Our approach inherits most of the original MACE architecture. The primary alteration is in the readout blocks where we include an additional energy term, $-\Omega\ \mathbf{P} \cdot \mathcal{E}$, where $\Omega$ is the unit-cell volume, $\mathbf{P}$ is the macroscopic polarisation, and $\mathcal{E}$ is an external electric field. This is all in analogy to the electric enthalpy functional from Density Functional Perturbation Theory (DFPT). Please see the [VASP wiki](https://www.vasp.at/wiki/index.php/Berry_phases_and_finite_electric_fields) for a good introduction to Berry Phases and finite electric fields in DFPT.

The molecular dipole moment is the sum of the ionic contributions, with bare ionic charge $-e Z_\alpha$ and position $\mathbf{R}_\alpha$, and an electronic contribution from the first moment of the electronic charge density $\rho(\mathbf{r})$:


\begin{equation}
\begin{aligned}
    \mathbf{p} &= \mathbf{p}_{\text{ion}} + \mathbf{p}_{\text{el}}\\
    \mathbf{p} &= -e \sum_{\alpha} Z_\alpha \mathbf{R}_\alpha + \int d\mathbf{r}\ \mathbf{r}\ \rho(\mathbf{r})
\end{aligned}
\end{equation}


where the polarisation density is then just this dipole moment divided by the total volume, $\mathbf{P} = \mathbf{p} / V$.


We see that the molecular dipole $\mathbf{p}_{\text{ion}, \alpha}$ has a contribution per ion. Just as we decompose the total energy of the system into contributions per ion or per "node", suppose we decompose the electronic dipole into contributions per node, $\mathbf{p}_{\text{el}, \alpha}$.
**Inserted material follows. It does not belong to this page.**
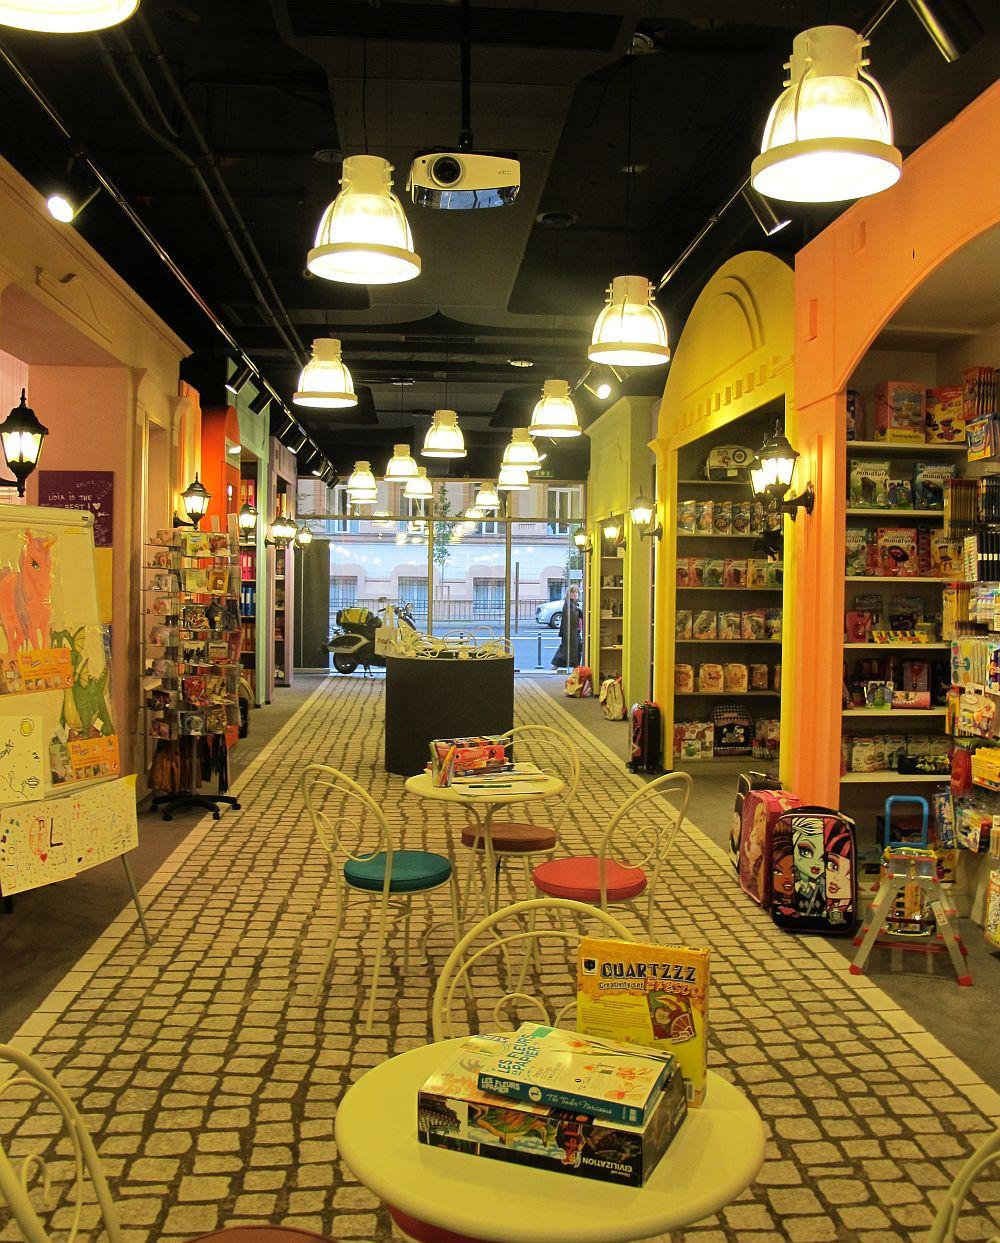 adelaparvu.com despre concept store papetarie Lolol, Dacris, design interior Prographic Studio Bucuresti (15)
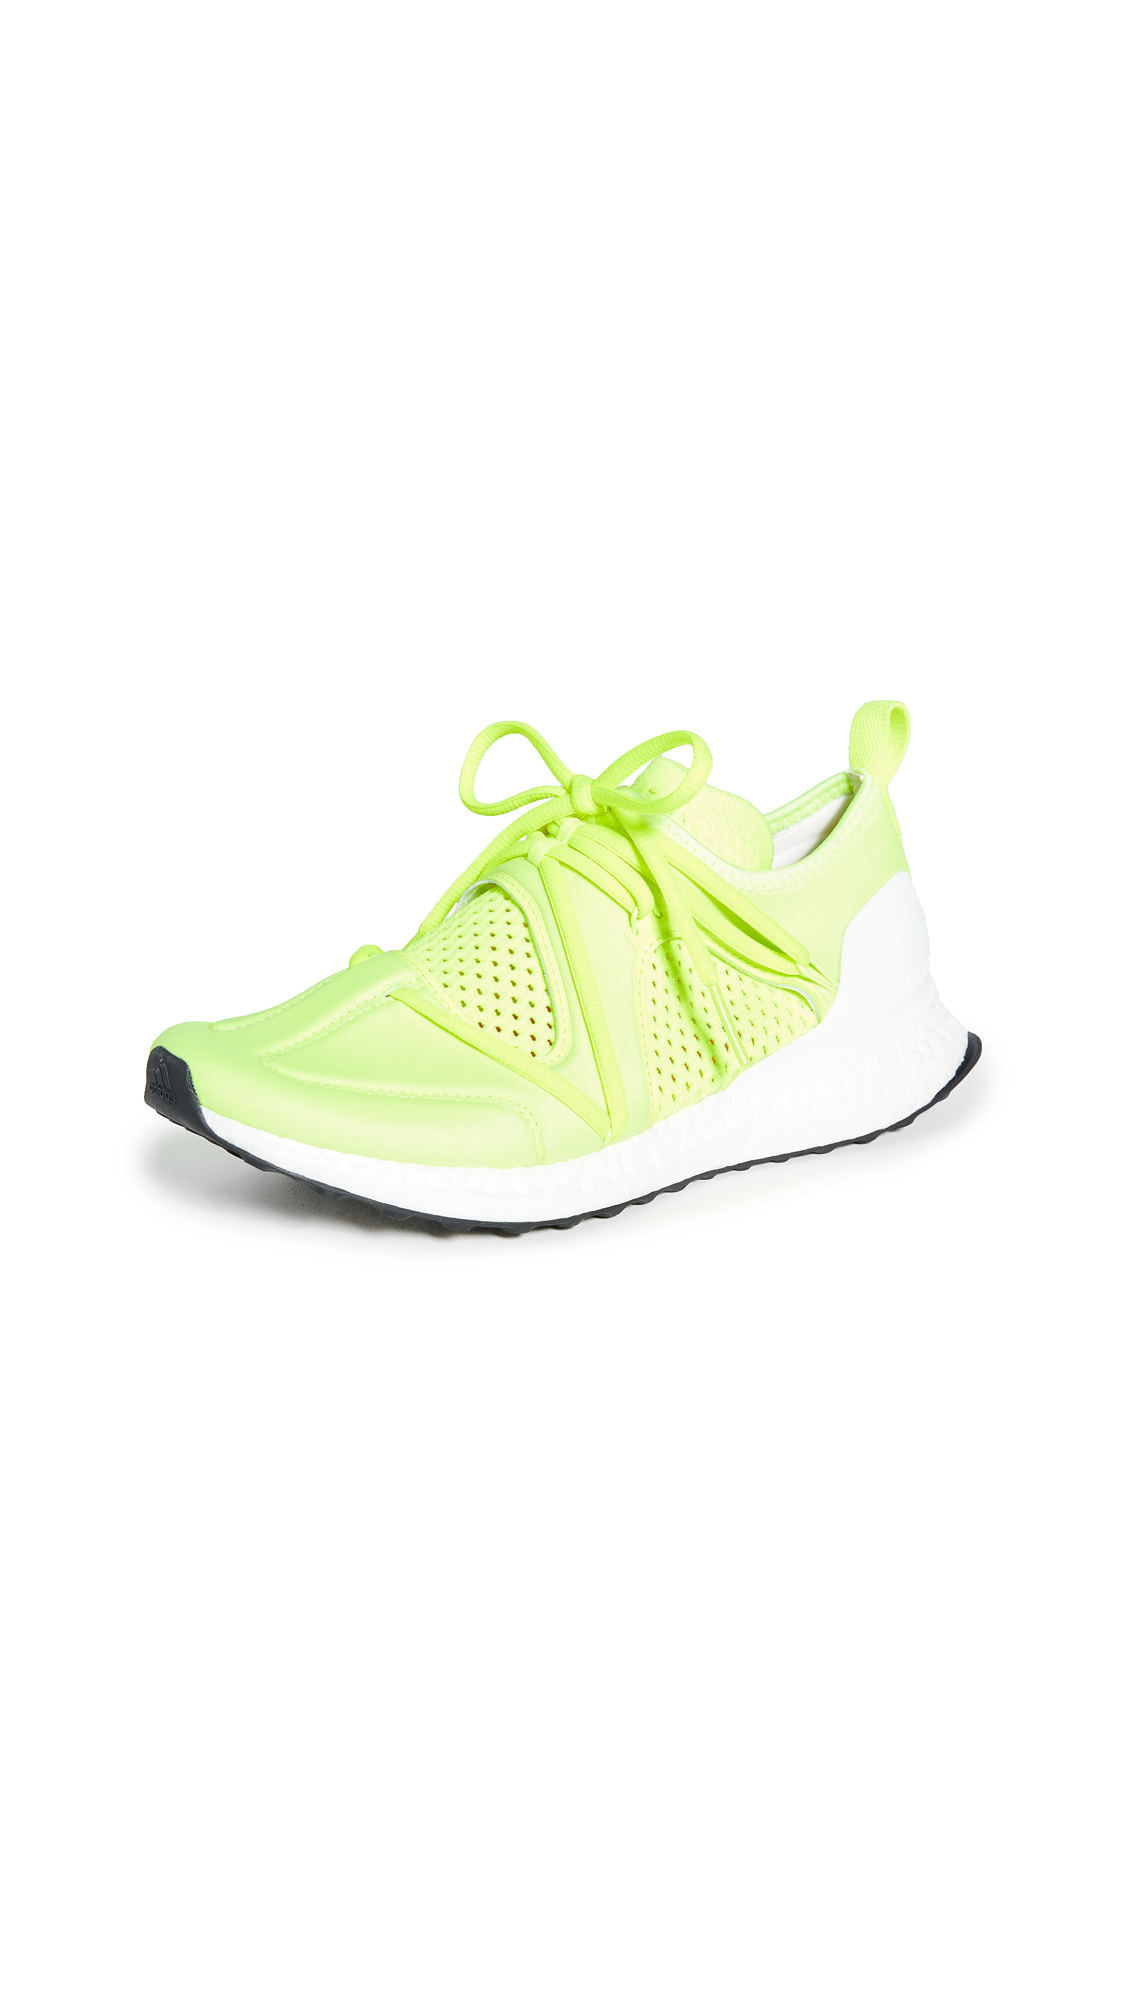 adidas by Stella McCartney UltraBOOST T.S. Neon Sneakers - Solar Yellow/Cream White/White

Due to the Modern Theory of Polarisation, quantum polarisation is multivalued / "ill-defined" for infinite periodic systems. The electronic dipole cannot in principle be decomposed this way, but just as is the case for the total energy, we will do it anyway. To compensate, the loss term for the polarisation will only be defined modulo the polarisation quantum to account for this multivalueness.

### Alterations to MACE

Each layer $1 \leq t \leq T$ of MACE contributes to the final energy readout $E_\alpha$ for node $\alpha$:

\begin{equation}
    E_\alpha = E_\alpha^{(0)} + E_\alpha^{(1)} + \dots + E_\alpha^{(T)}
\end{equation}

In a $T$-layer MACE, the readout is altered to include an additional perturbing term of a $K$-dimensional "total atomic dipole" feature $\mathbf{p}_{\alpha, k}$ for each node $\alpha$, dot-producted with the external electric field $\mathcal{E}$:

\begin{equation}
  E_\alpha(t) = \mathcal{R}_t\left(\mathbf{h}_i^{(t)}\right) =
    \begin{cases}
    \begin{aligned}
        &\sum_{\tilde{k}} W_{\text{readout}, \tilde{k}}^{(t)} \left[ h_{\alpha,\tilde{k} 0 0}^{e, (t)} - \mathbf{p}_{\alpha, \tilde{k}}^{(t)} \cdot \mathbf{\mathcal{E}} \right] \qquad\ \text{if}\ t<T, \\
        &\text{MLP}_{\text{readout}}^{(t)}\left( \left\{ h_{\alpha,k 0 0}^{e, (t)} - \mathbf{p}_{\alpha, k}^{(t)} \cdot \mathbf{\mathcal{E}} \right\}_{k} \right) \quad \text{if}\ t = T.
    \end{aligned}
    \end{cases}
\end{equation}

Where in the final layer the electric field enters the nonlinear MLP.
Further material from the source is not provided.